Digital technologies and the Internet may be helpful in preserving the text of a play and/or the video of its performance to other generations to see and study.

But what if we can have an idea of how the actors prepared? What considerations were taken before creating the stage design? What was the inspiration of a costume design?

In theater, rather than just the product, the process is the most important part since it is where all the information is transformed into acting, stage design, costume design and so on.

If you are researching about a specific play and or performance, wouldn’t it be helpful to have access to a part of its creative process?

As a theater student, I am interested in using the digital technologies as a way of documenting the creative process.

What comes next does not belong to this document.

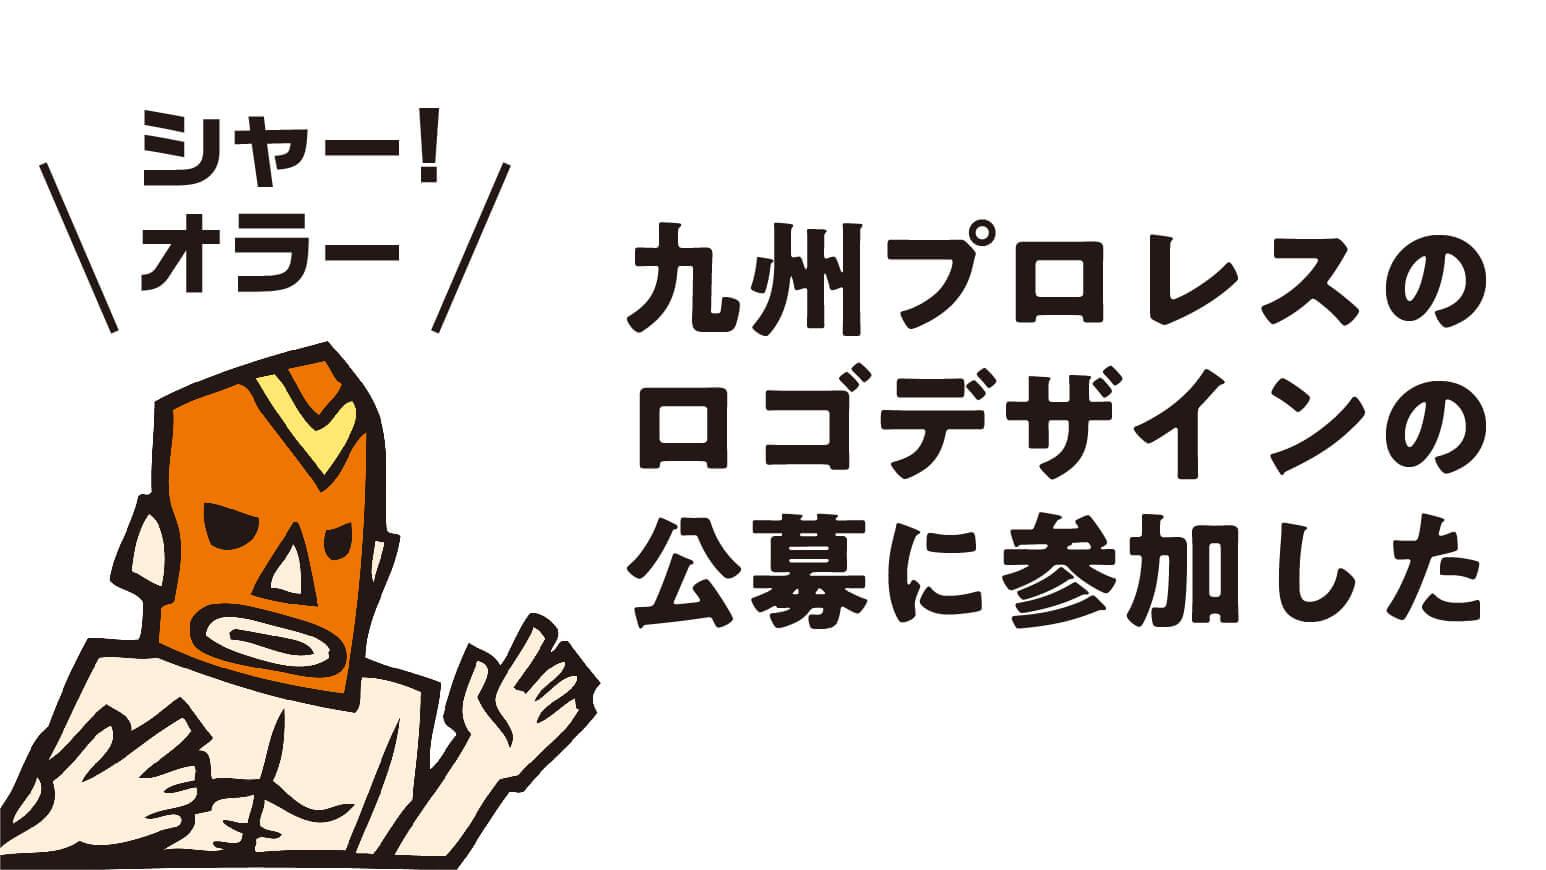 九州プロレスのロゴデザインの公募に参加しました

I have two examples of how I have tried to do so:

  • I have used Pinterest (my account is available at pinterest.com/arevirorev/) to document visual information that helped me to create a costume design for a specific play, as part of a class. Since most of my visual information came from the Internet, it was easier to “pin” the images. And also, was easier to access them anywhere from a computer and/or a smartphone. Then, the information I have gathered, was available online for my professor and/or classmates to see it (I have to say that my professor loved the idea and he created his own account to work on his designs).
  • As part of a bilingual production that I worked with, we created a blog (available at machinaluprrp2012.blogspot.com) that aimed to serve as a virtual portfolio (it included articles, photos and videos) of the entire production. A weekly entry covered the processes of translating the play to Spanish, the technical designs, the rehearsals, the publicity efforts and so on.

The general questions and starting point of this session would be: Which are the pros and cons of documenting the creative process digitally? Which digital technologies and/or social networks exist already that might be helpful to document and therefore preserve the creative process of all the parts that result in a performance? How can we use them?